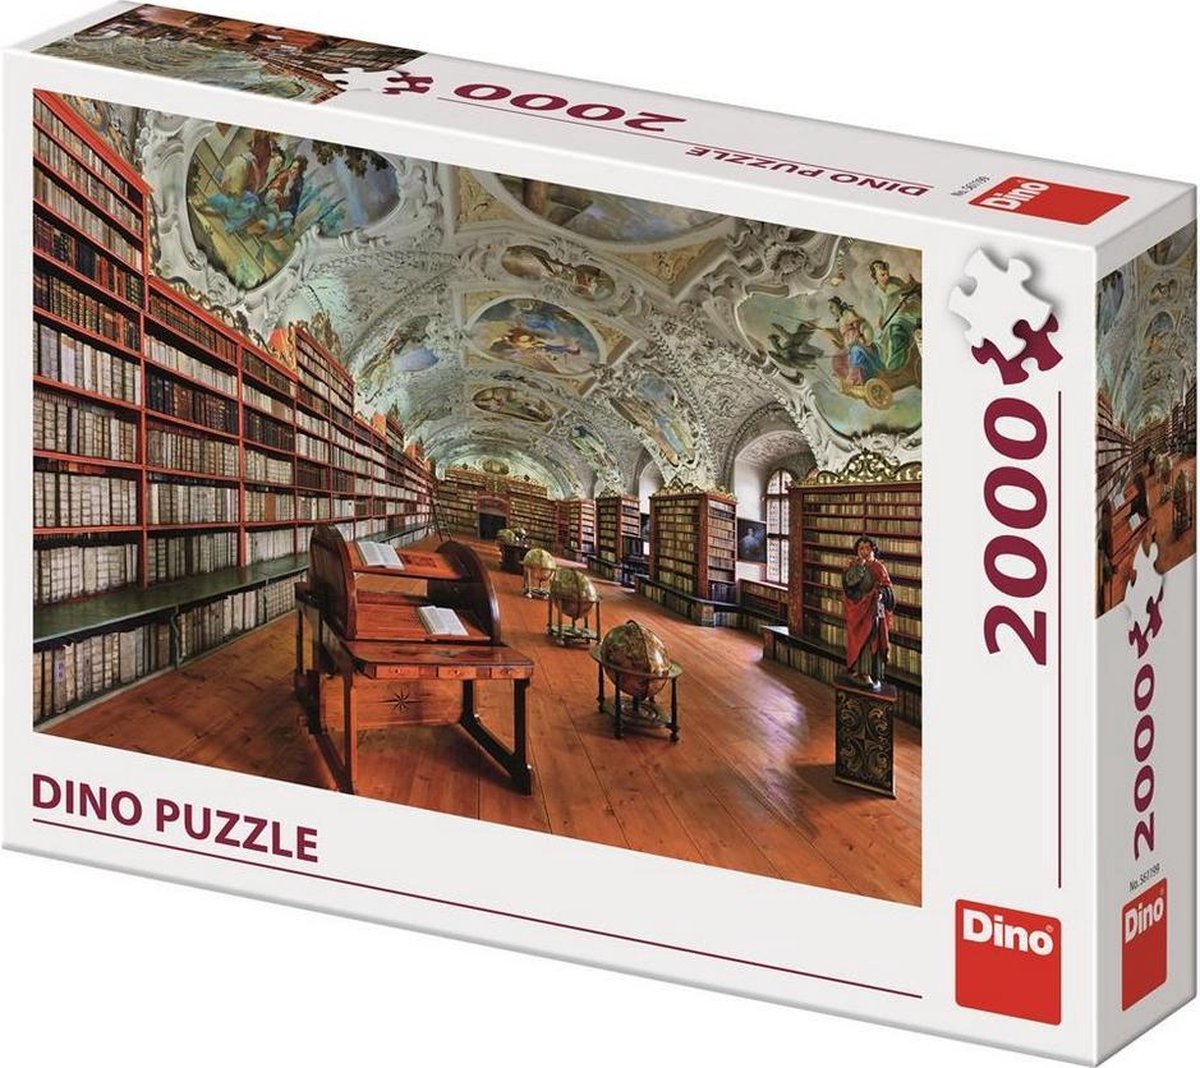 Bibliothèque Dino Puzzle Strahov - Salle théologique 2000 pièces | bol
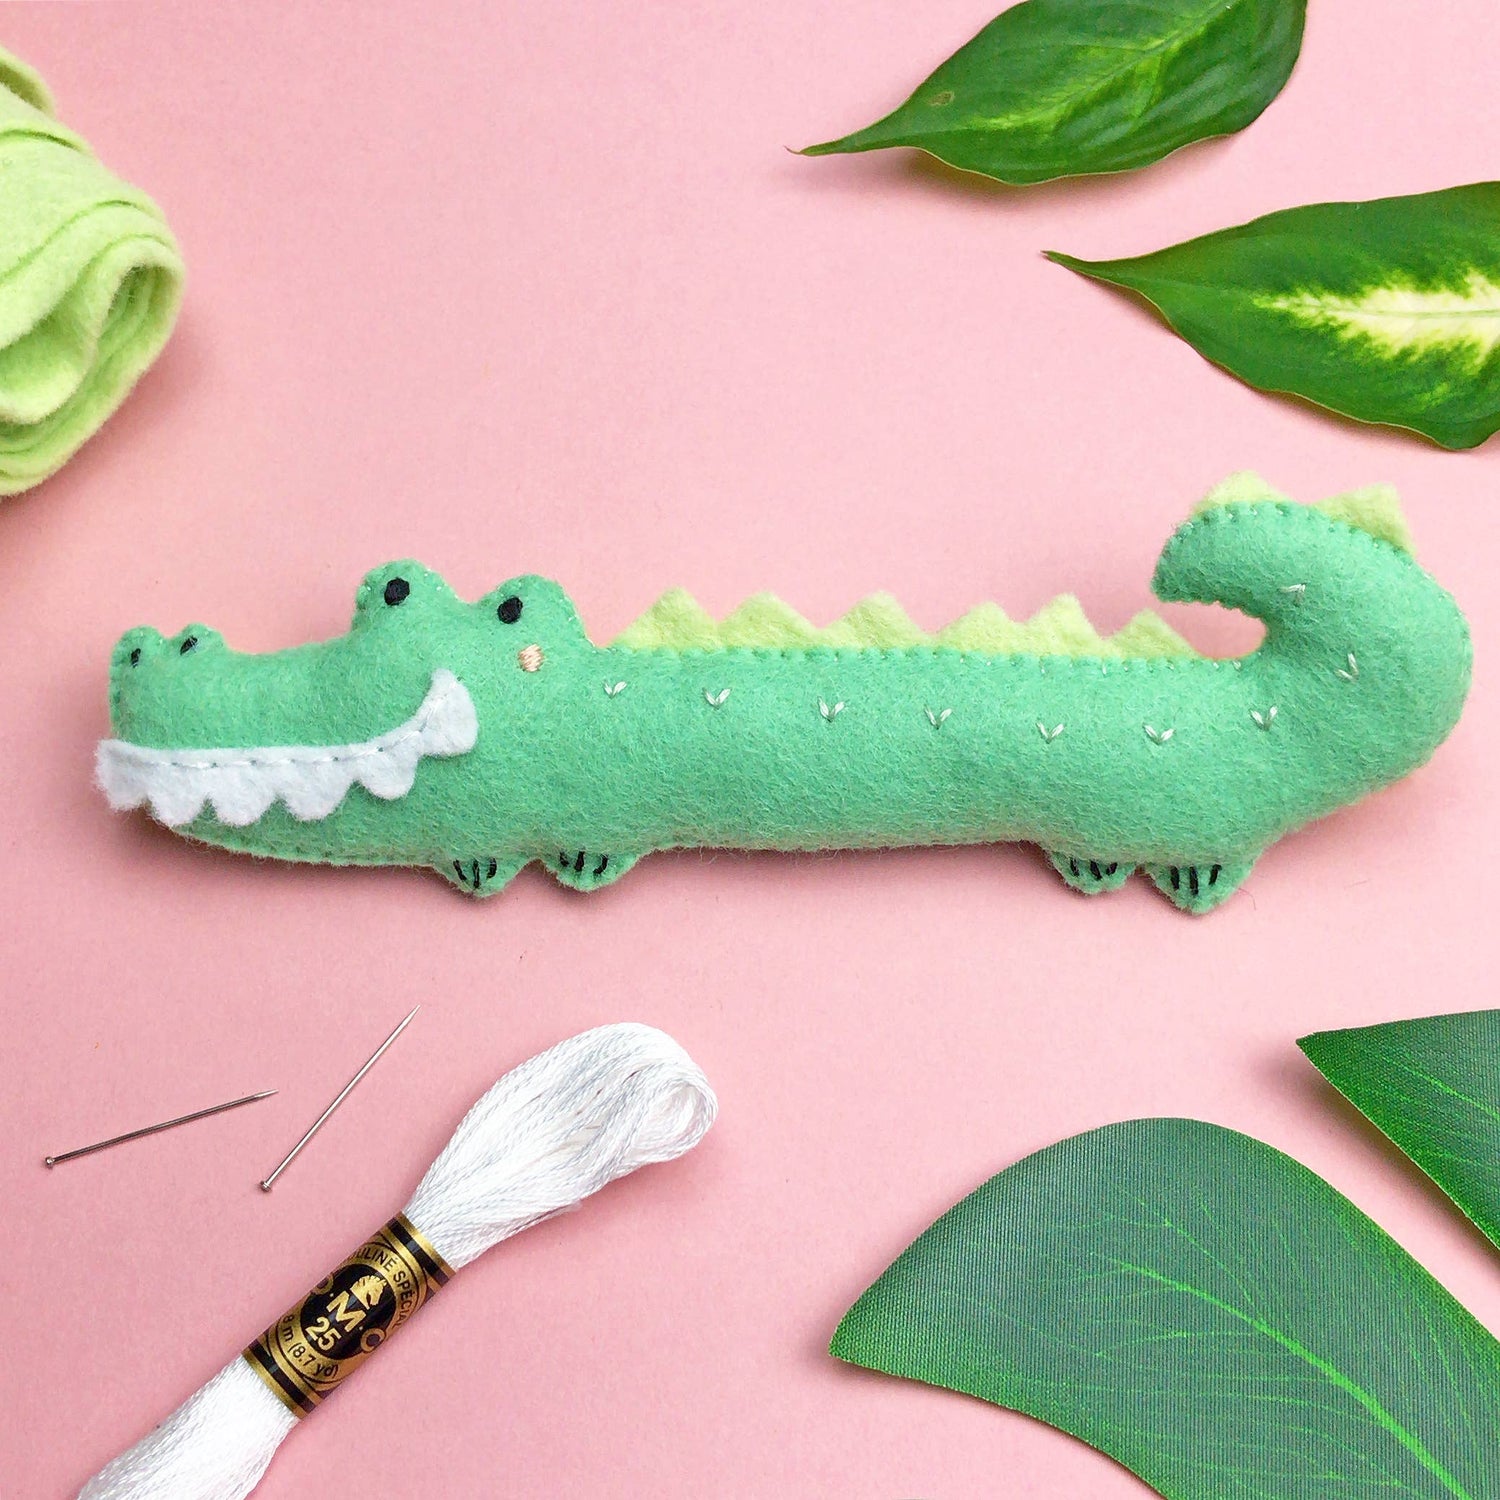 En liten grön krokodil i ekologisk ullfilt ligge spå en rosa plan yta tillsammans med gröna blad. 
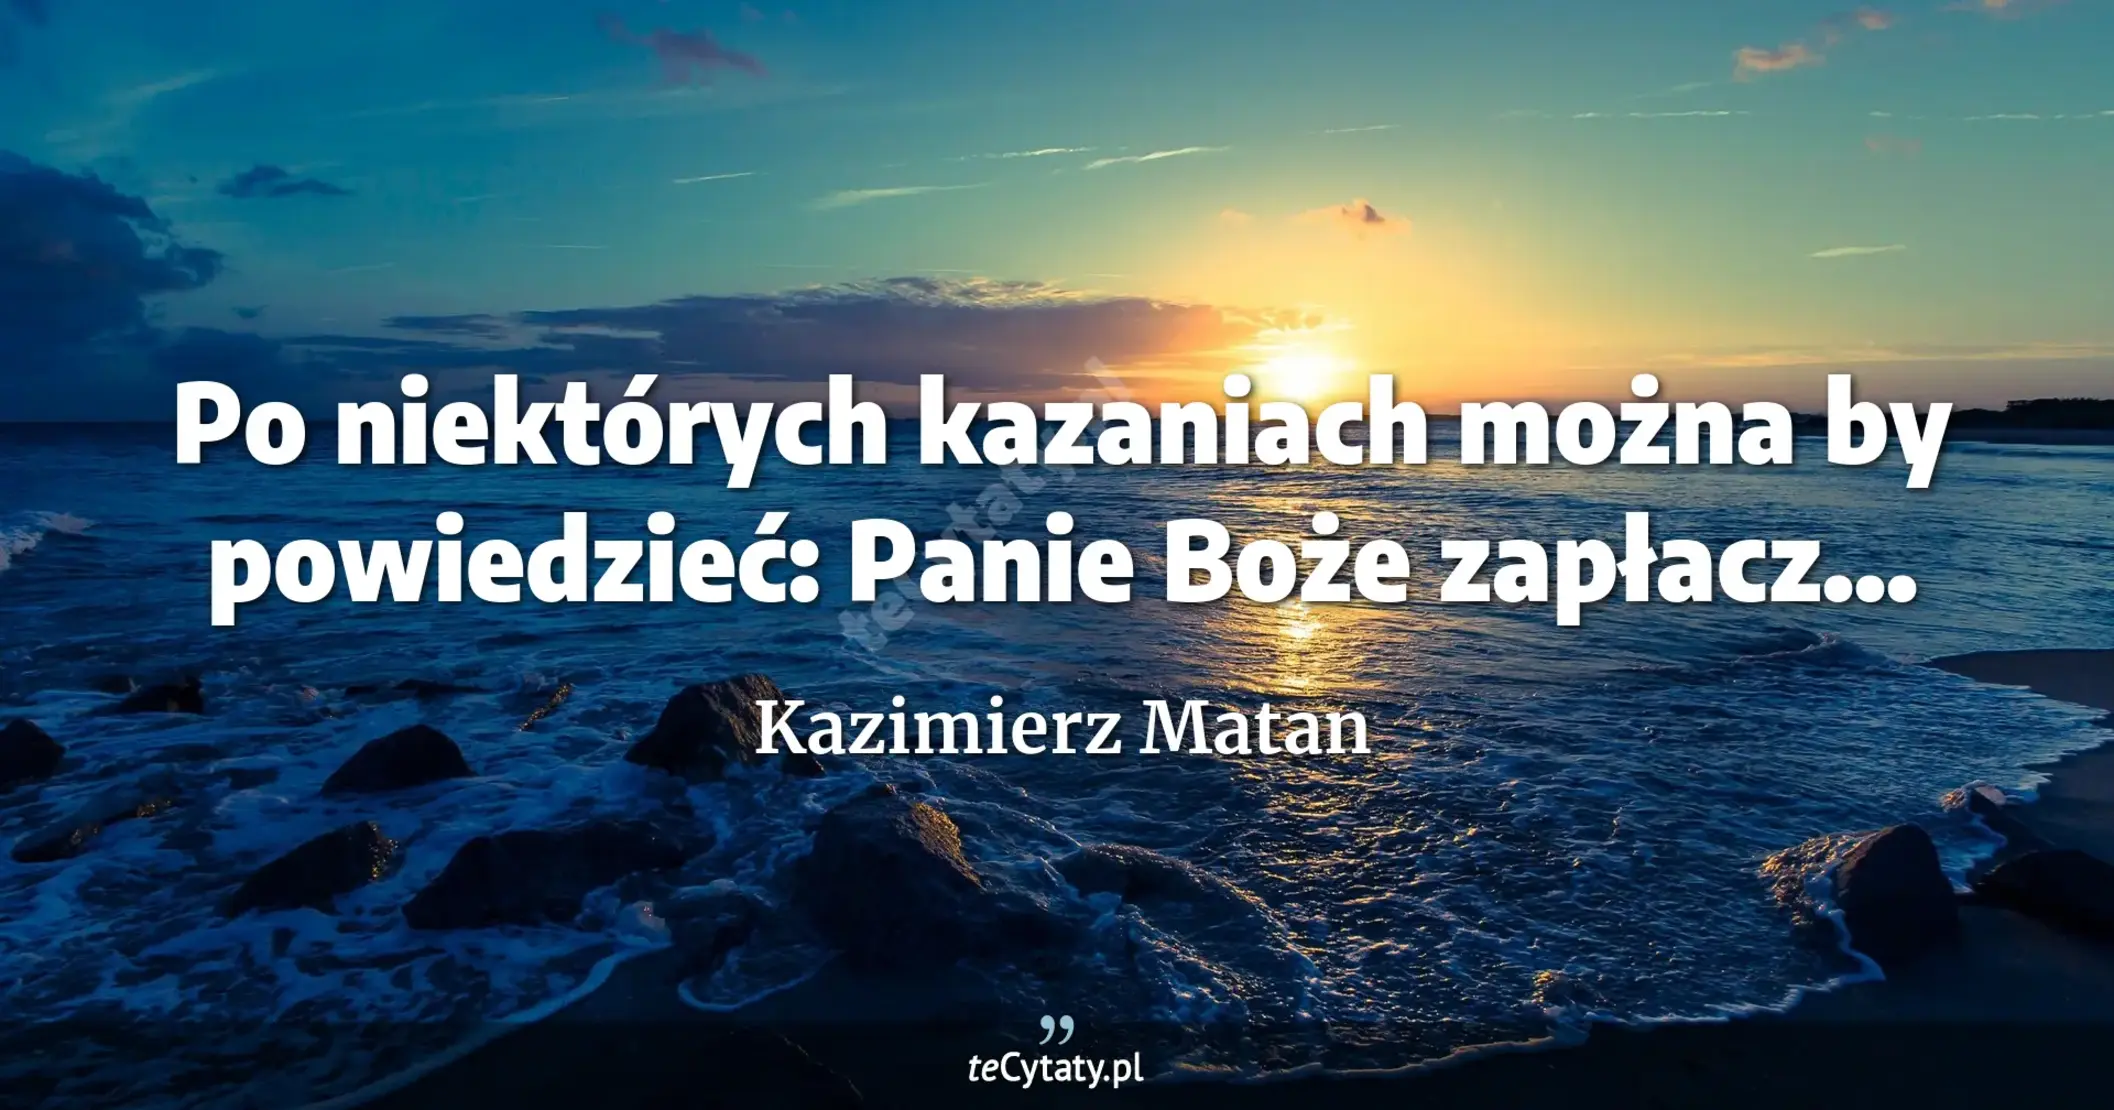 Po niektórych kazaniach można by powiedzieć: Panie Boże zapłacz... - Kazimierz Matan

What is expected -> Write out the material above without changing a word, and skip any picture.

Solution for this problem ->
 Bibliothèque Dino Puzzle Strahov - Salle théologique 2000 pièces | bol
 En liten grön krokodil i ekologisk ullfilt ligge spå en rosa plan yta tillsammans med gröna blad. 
 Po niektórych kazaniach można by powiedzieć: Panie Boże zapłacz... - Kazimierz Matan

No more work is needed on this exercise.